What she says next is key to Camp Echo: "We haven’t completely given up the ghost…we’re still fighting.” It’s hidden behind a wall as we talk, perhaps, but as I watch Havik on stage a few weeks later at The Great Escape it’s clear from the way she moves and the way she almost throws each line from her chest that there’s someone who’s living every note or line of this music, discarding a line at a time, show by show until the band are ready to move on to the next fight.

That attitude has taken the five members of Highasakite, from various parts of Norway, to the point where this summer they will headline the Friday night of their “hometown” festival, Øya, this summer. With a festival that includes PJ Harvey, Massive Attack, Jamie xx and New Order, it’s quite an achievement for Highasakite to usurp some of these acts to be the main draw as the festival heads into the weekend.

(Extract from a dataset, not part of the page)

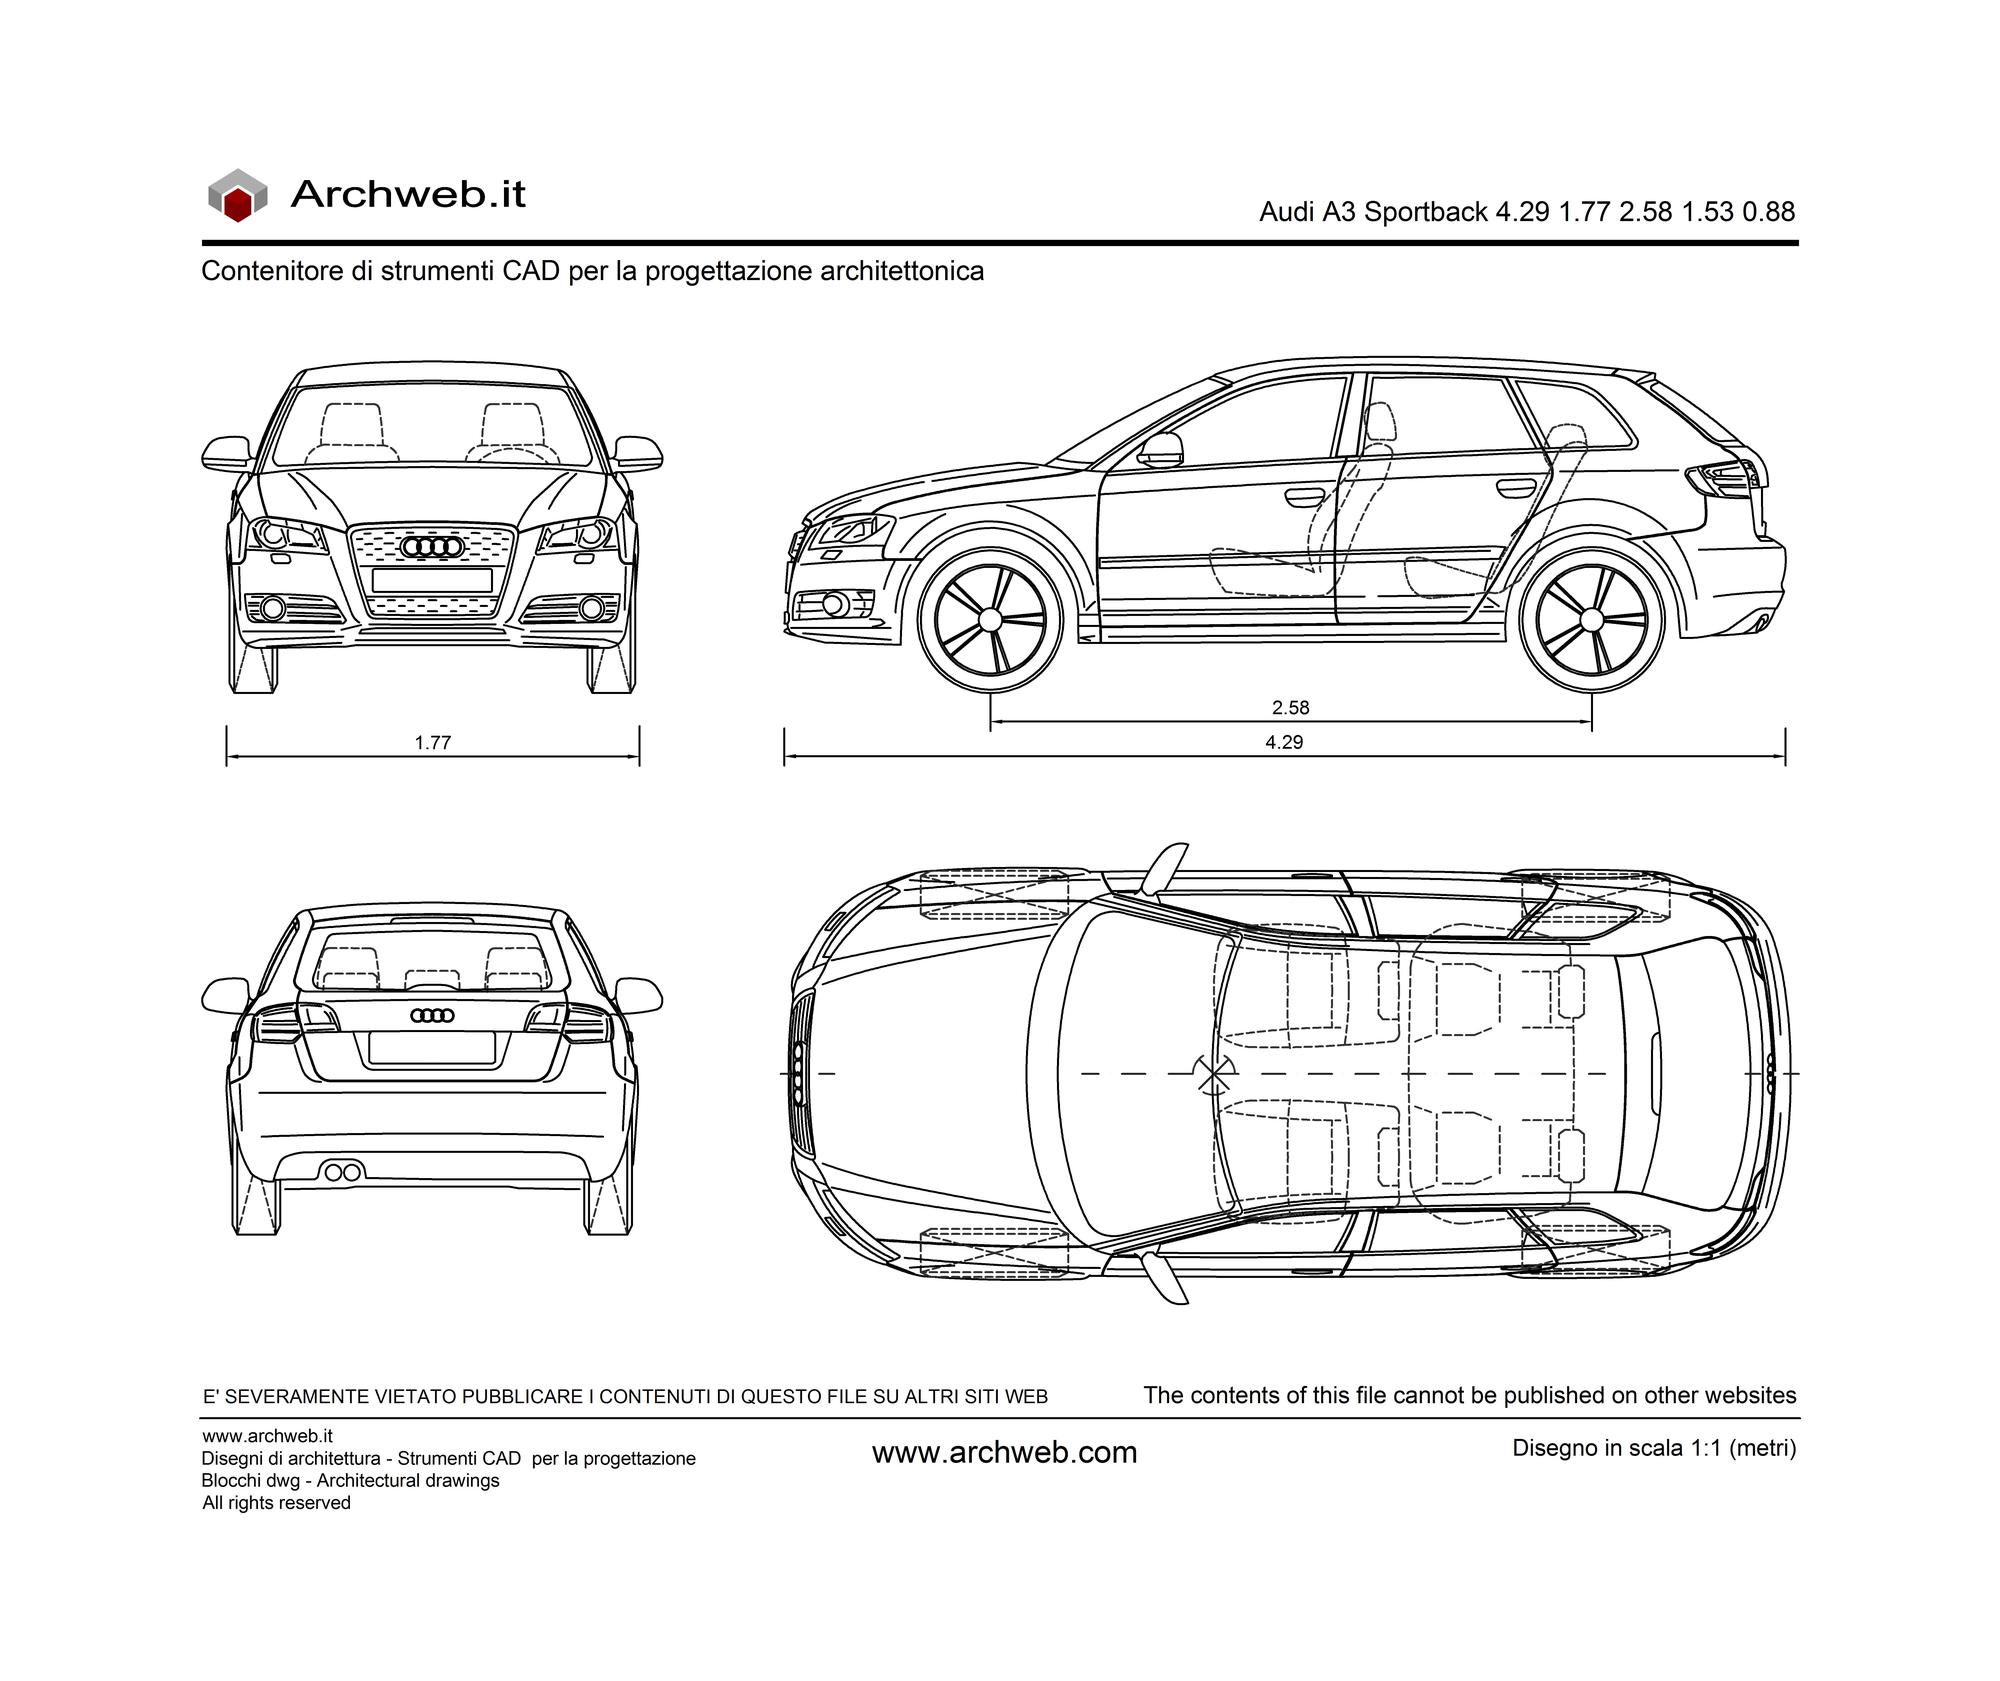 Audi A3 Sportback dwg

“Yes! We’re thinking about it the whole time!” exclaims Håvik. “What kind of lights will we have, is it going to be dark…we’re hoping it’s going to be dark to get everything out of the lights. This is our home town, and it’s kind of like graduation day!”

As our conversation draws to a close and my frustrations ebb and flow, Håvik once more briefly drops her guard and allows me to see the passionate, unbelievably talented, thoughtful and emotional - not to mention complicated - person behind Camp Echo. She’s completely effusive, almost bouncing as she ponders the headline slot: We have the biggest ambitions I know…we just aim for the sky!”

The sky, the stars, the moon – they are Highasakite’s for the taking.

Camp Echo is out now via Propeller Recordings. Highasakite play Øya Festival on Friday 12 August. Tickets are available.